GAP-112

Emergence emesis of duodenogastric reflux in a patient with an endoscopically visualized empty stomach

Stalls C, Falcon R, Petersen T, Soneru C
University of New Mexico, Albuquerque, NM, United states

Transpyloric reflux of duodenal contents, including bile acid and pancreatic enzymes, routinely occurs in small volumes as physiologic pressure gradients across the pylorus shift during digestive stages or in response to endoscopy. We report a case of large duodenogastric reflux (DGR) and emesis during emergence despite known empty stomach.

A 3-year-old, 15.3-kg boy with history of short bowel syndrome s/p small bowel transplant presented for EGD evaluation of blood in his stool. The child was appropriately NPO and was induced with fentanyl, propofol, and rocuronium with uneventful placement of endotracheal tube. The stomach was easily visualized on endoscopy to be empty and with closed pylorus. However, during stage 2 of emergence, the patient vomited ~150cc of dark, bilious fluid. Once the stomach was suctioned again and the patient fully awake, the cuff of the ETT was deflated and the patient was extubated without complication. The patient remained at his pre-operative respiratory status in the recovery room, maintaining SpO2 of 98% on room air.
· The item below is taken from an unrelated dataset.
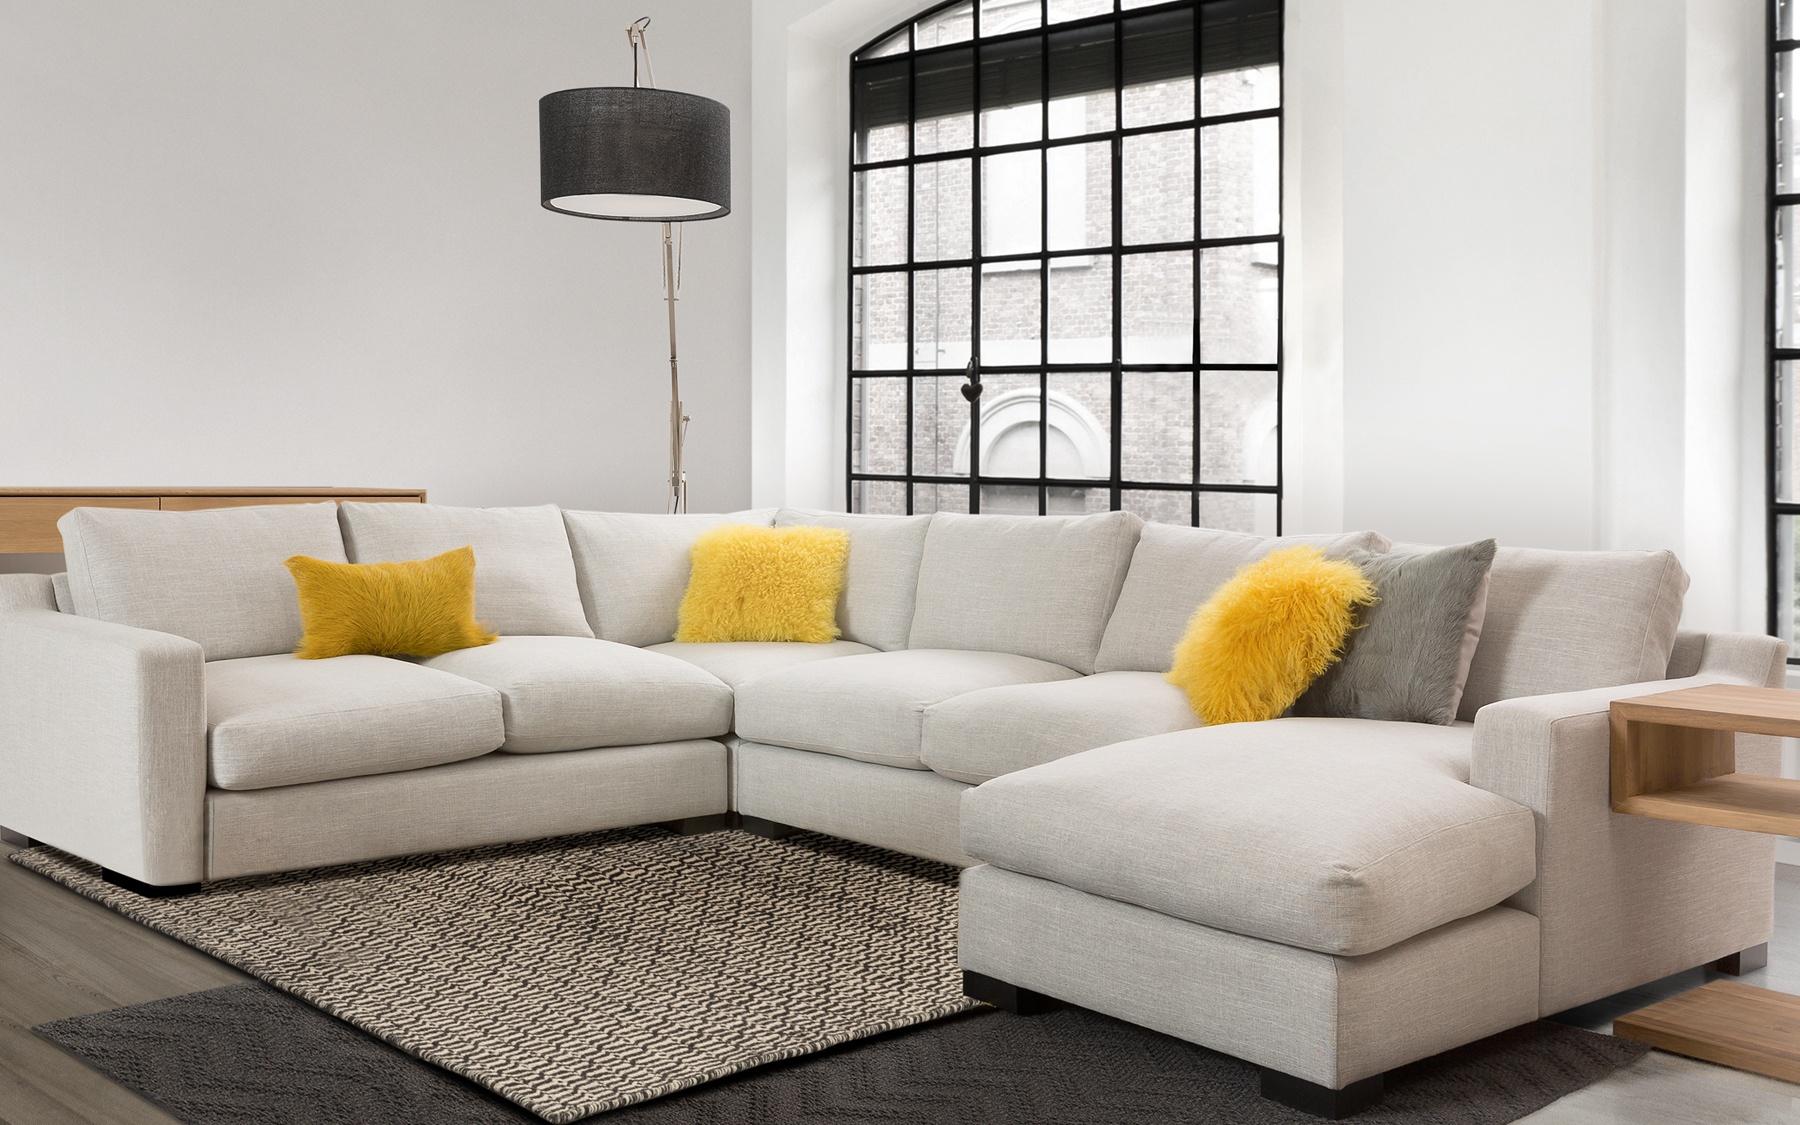 canap composable t751 composables salons la galerie. Black Bedroom Furniture Sets. Home Design Ideas

In one study of 1120 children, 8.2% (92) were found to have DGR on endoscopy; in small volume, it is regarded as a physiologic finding. The clinical significance of the effect of DGR on gastric mucosa is somewhat controversial, though the serious consequences of aspiration and subsequent acute lung injury are well described. When bile-rich reflux is aspirated into the lungs, studies demonstrate induction of acute cellular injury with subsequent “bile pneumonia” and increased A-a gradient through unclear pathophysiology. The risk for high volume bilious aspiration in appropriately NPO patients may be greater in those children with structural derangements or dysmotility of the upper GI tract. These patients, such as the one discussed above, are at increased risk for perioperative aspiration of DGR and would likely benefit from additional anesthetic precautions.